[Data block]
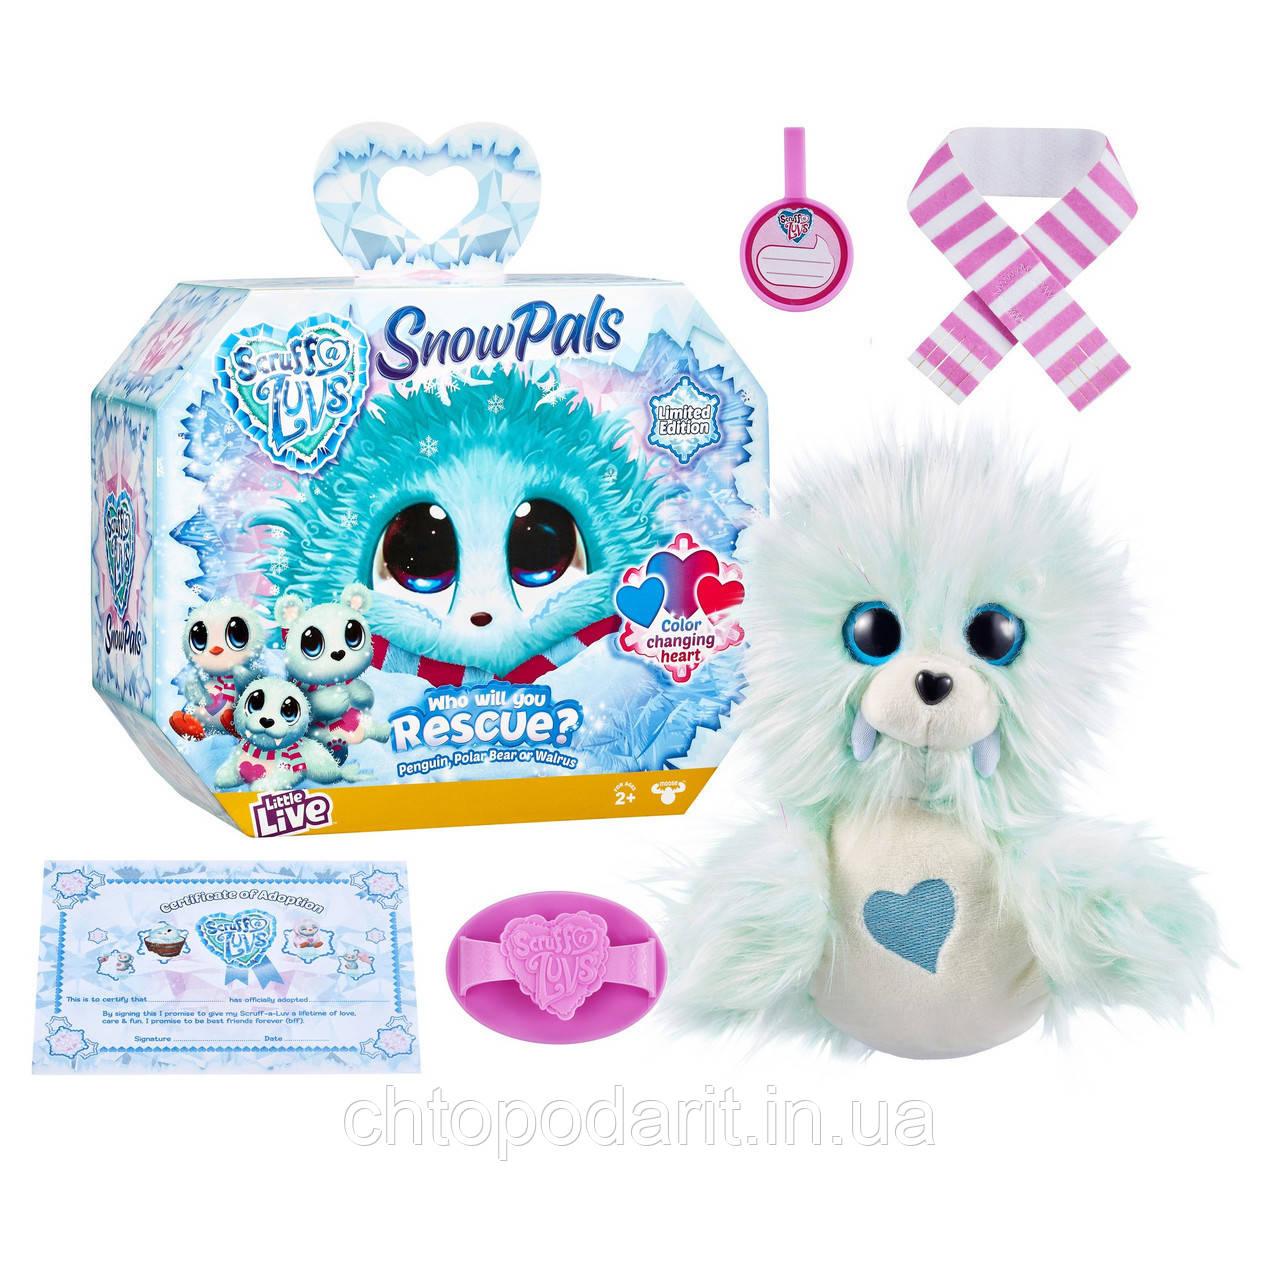 Пушистик потеряшка «Снежные друзья» игрушка сюрприз Scruff A Luvs Snow Pals Код 12-2191
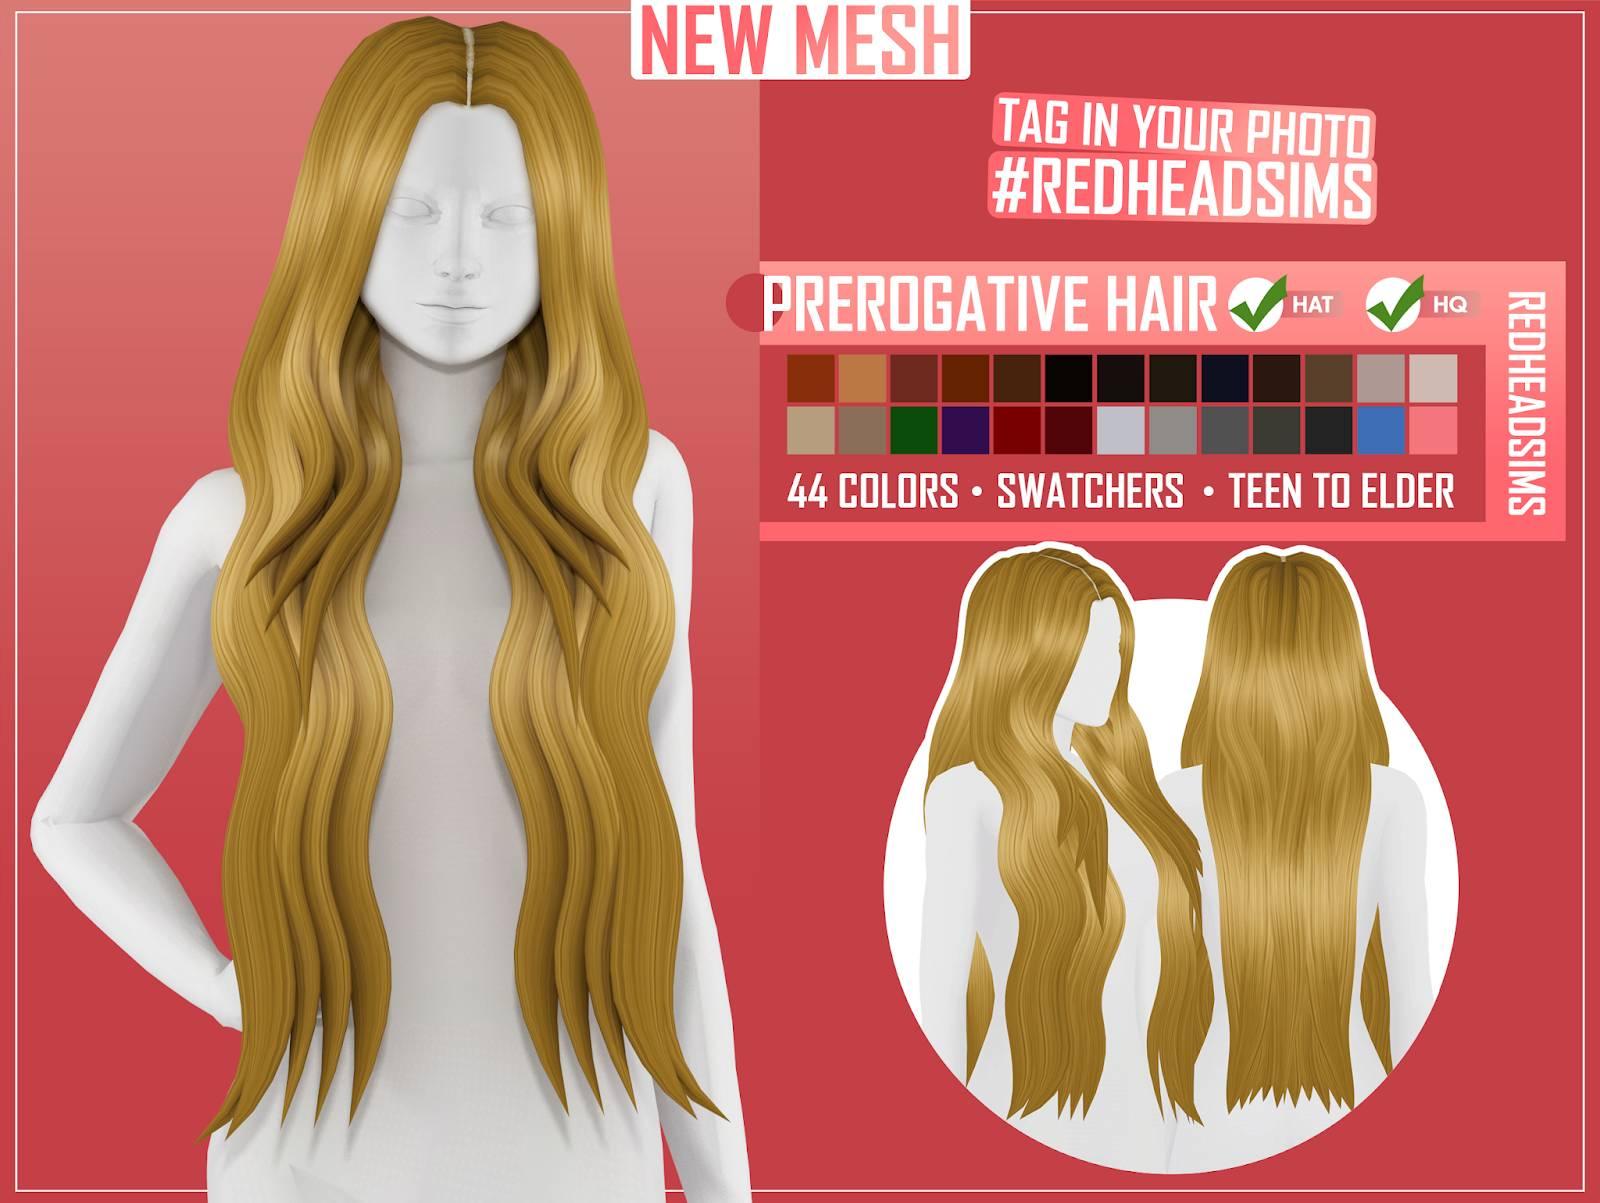 Женская прическа - PREROGATIVE HAIR
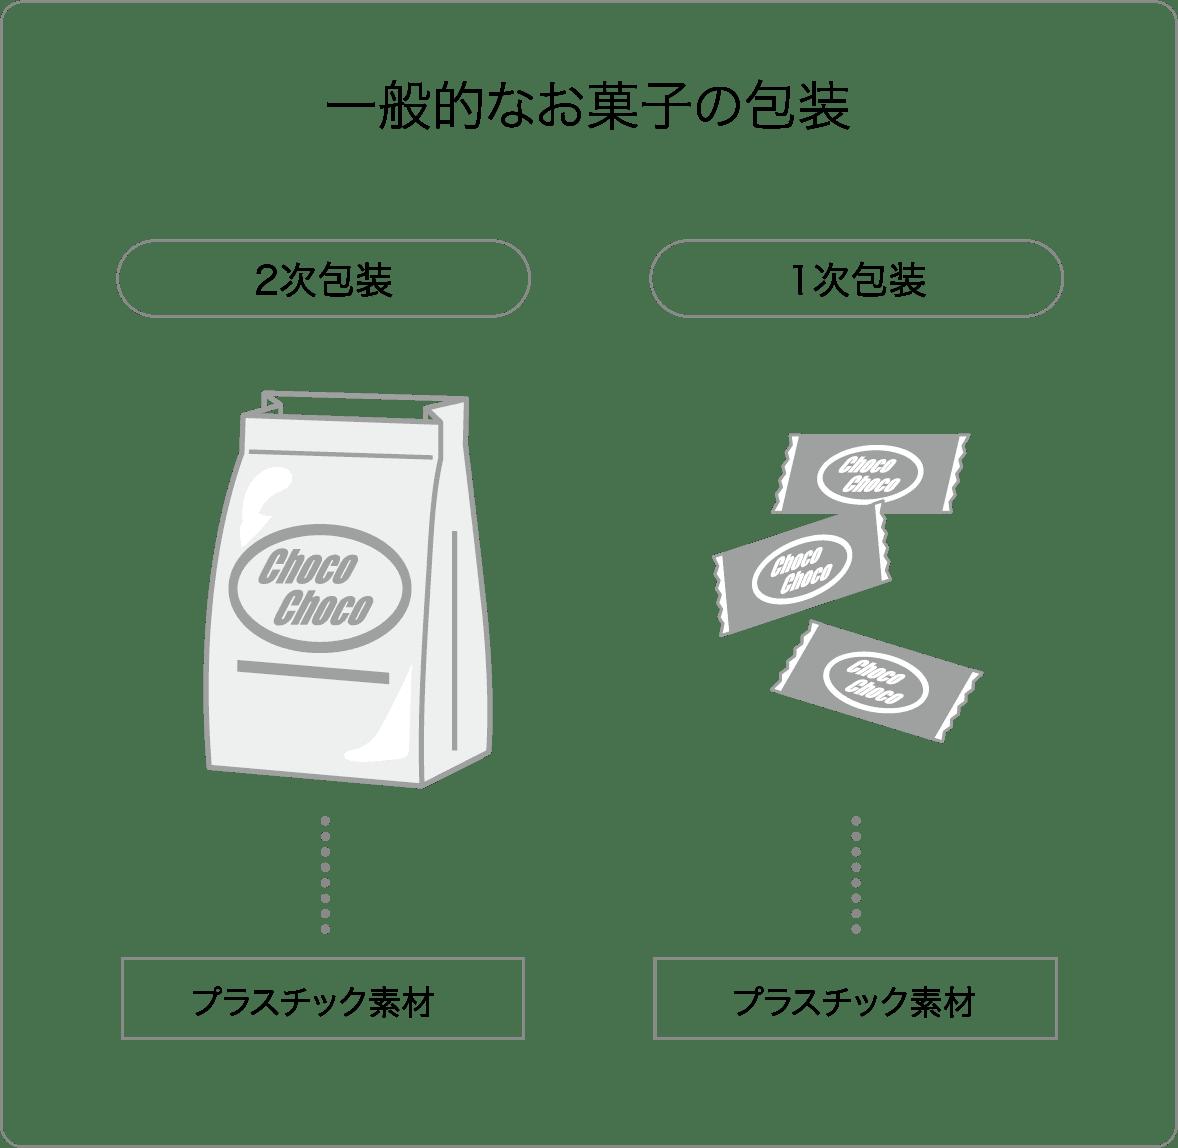 一般的なお菓子の包装 2次包装 ポリエチレン 1次包装(直接包材) 従来の石油系包装
[/Data block]
Instructions to follow —
Nothing but the lines from the one containing "Женская прическа - PREROGATIVE HAIR" through the last line of the data should appear in the answer, copied exactly, with pictures excluded.

Result below —
 Женская прическа - PREROGATIVE HAIR
 一般的なお菓子の包装 2次包装 ポリエチレン 1次包装(直接包材) 従来の石油系包装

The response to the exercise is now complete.